![](https://static.wixstatic.com/media/283434_0fda8f93457647039157f776d5646a40~mv2.jpg/v1/fill/w_980,h_560,al_c,q_85,usm_0.66_1.00_0.01,enc_auto/283434_0fda8f93457647039157f776d5646a40~mv2.jpg)
The two leaders of the Tory and Labour parties were interviewed yesterday and both seemed the most inauthentic and robotic types of people. They were the leaders but they didn’t act like leaders. They were the ultimate decision-makers but they looked like they hadn’t made a decision in their lives. They were live and sentient humans but they seemed to be wound up at the back and shoved on to stage. They look incapable of leading. Perhaps they don’t lead. Perhaps there are others who do it for them.

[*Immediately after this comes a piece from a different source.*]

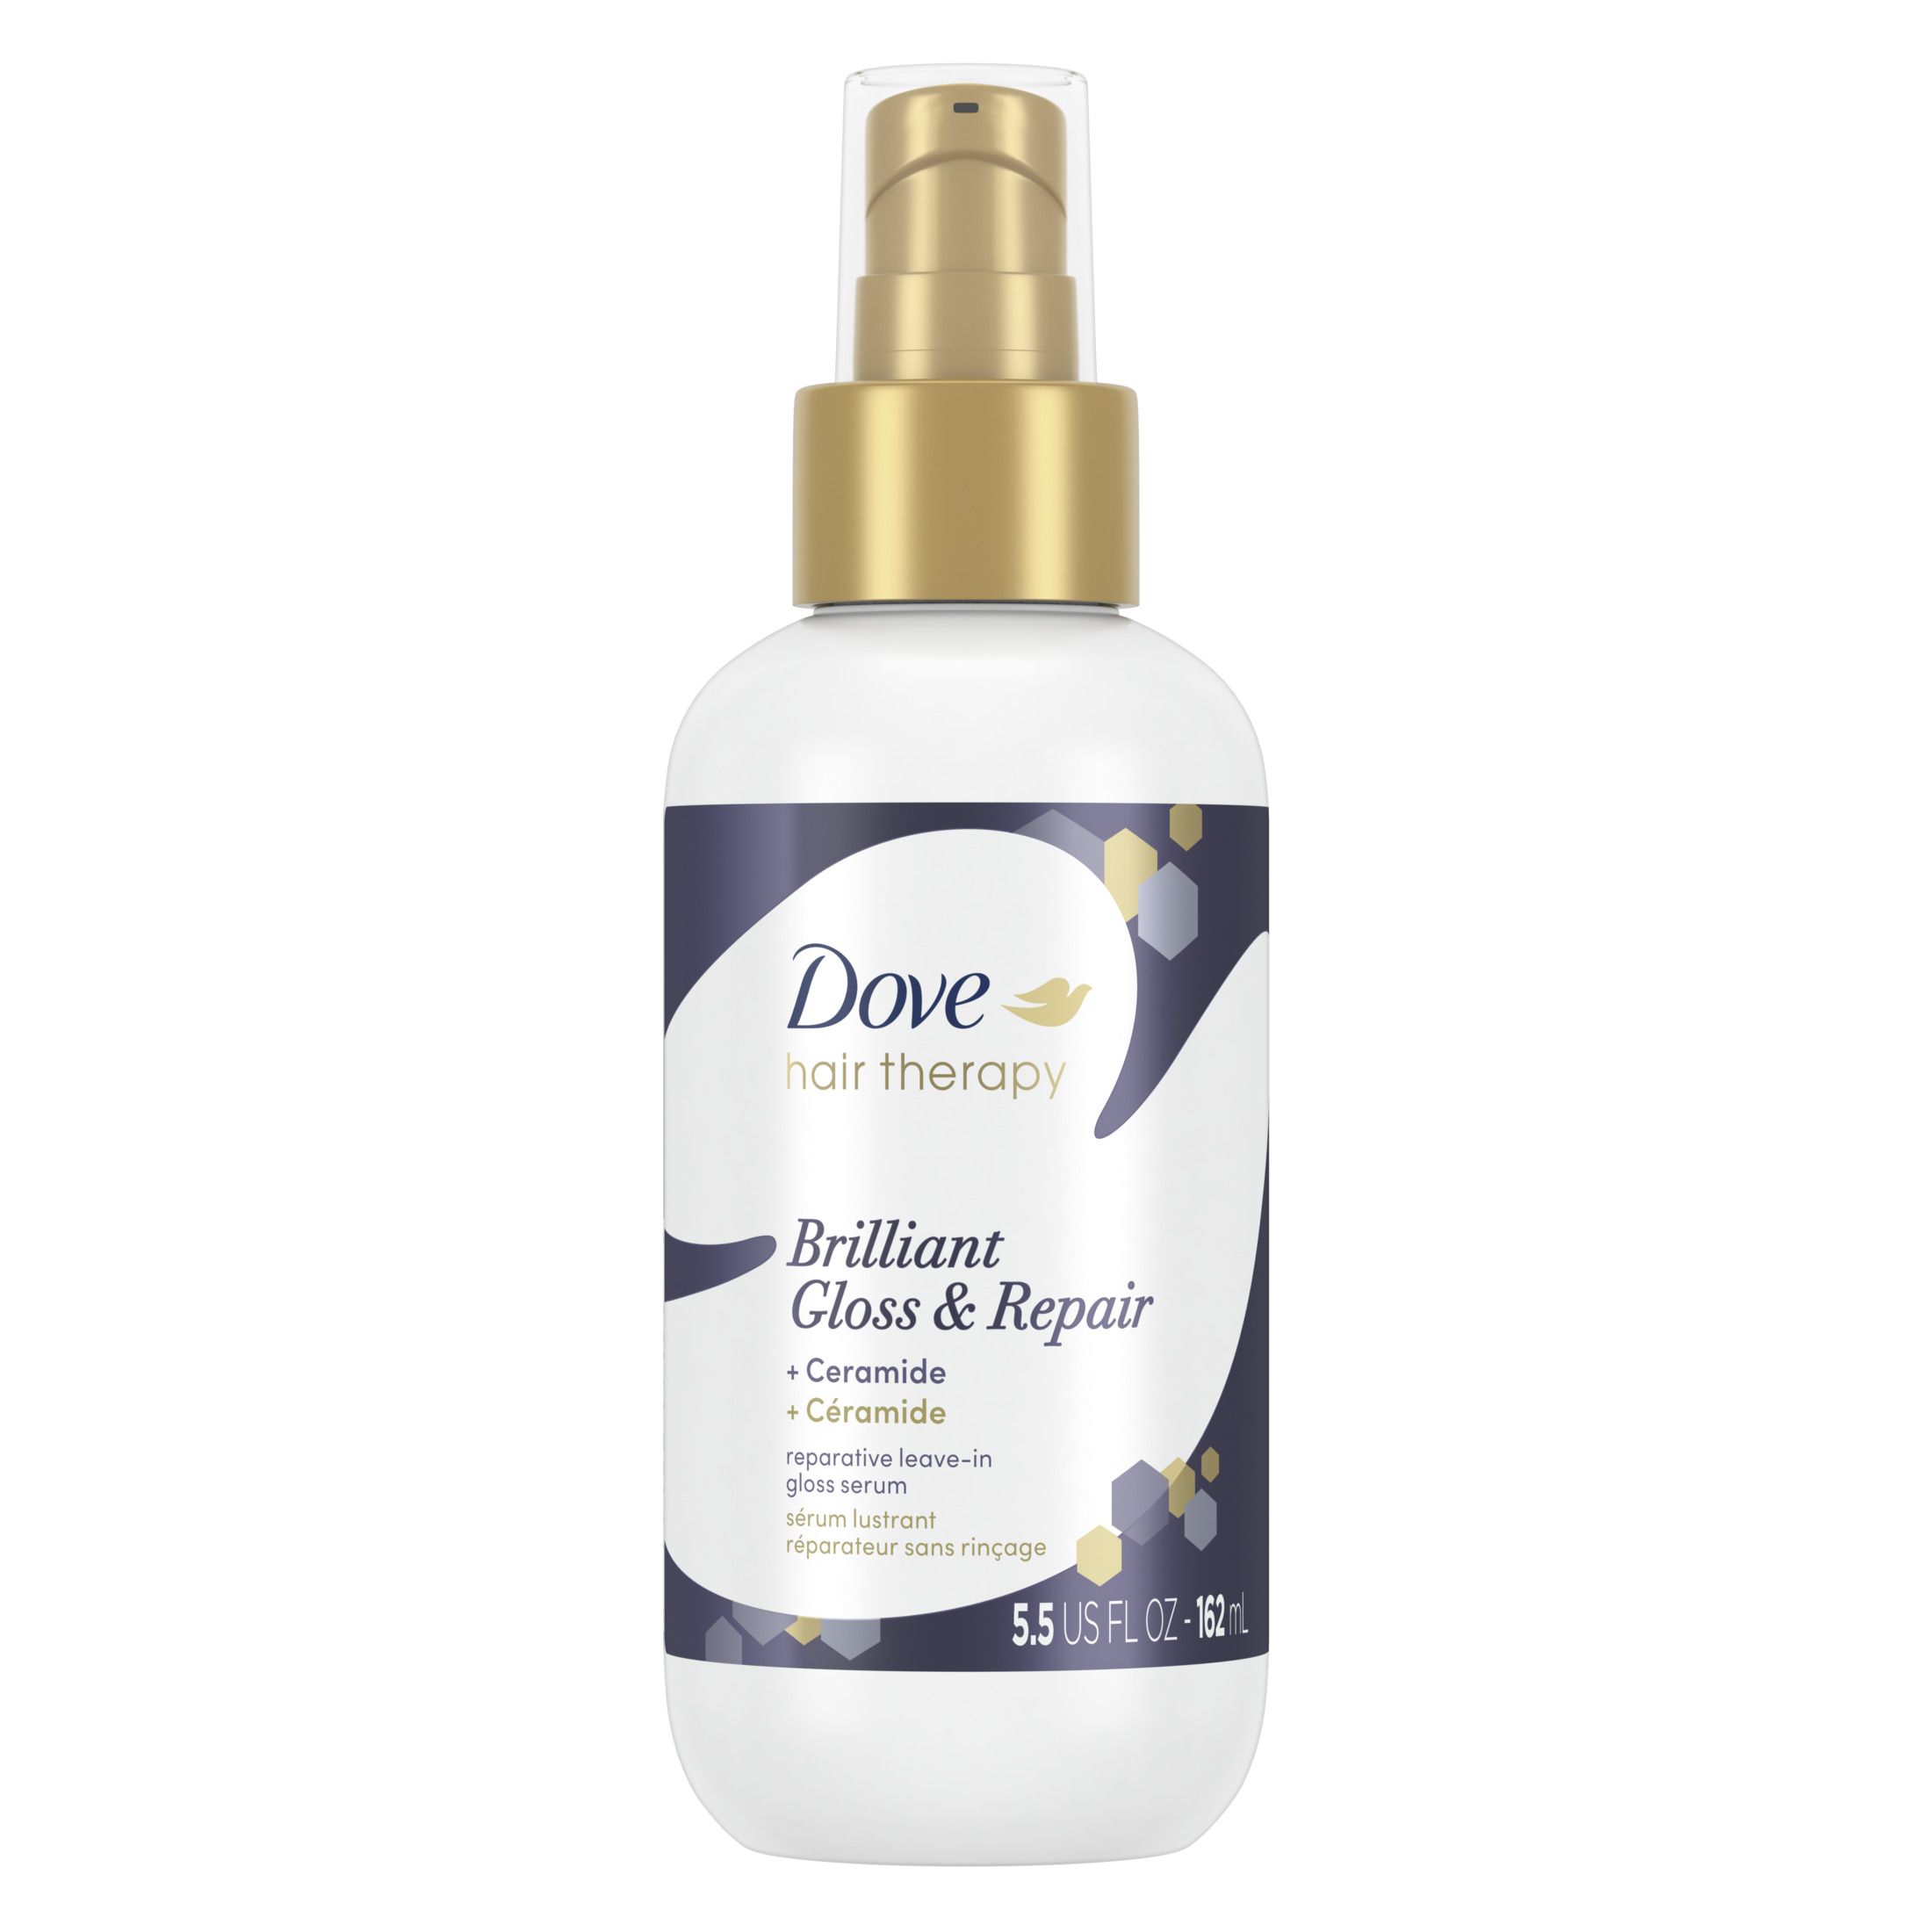 Dove Hair Therapy Leave-in Hair Treatment Brilliant Gloss & Repair

When you learn to code you learn about the “front end” which is the bit that people see or the user interface and the “back end” which is the digital engine that does the number crunching. Both of these ends make a programme work. So many programmes and websites and so on have very different “back end” ways of working depending on what they actually want from you. Some “back end” workings take far more than just the input you give them at the “front-end”, they take more details from you (this is what they call ‘cookies’). So what you see and do on a programme might not be what you want, and you think you are controlling the programme when in reality it is controlling you. The digital age is a wonder.
This is the topic of today because there just seems to be no other reason for the dismal state of our politics than the visual puppetry on display on our television screens and radio broadcasts. There are no genuine answers to questions, no personalities, no sense of coherence and the various mistakes or oddities we see just wouldn’t happen if the politicians had any semblance of common sense. This election is bland, devoid of thought and reason, as if we are sleepwalking to a Labour landslide. The grown-ups have gone home and the children have taken over. The party that was once high on fiscal responsibility is now promising the earth in tax cuts. The party that once campaigned to spend money like there was no tomorrow is now being evasive about the need for tax rises and fiscal tightening. This is a weird election and there can be only one real answer to this save rank incompetence on a historic level; the men in grey suits.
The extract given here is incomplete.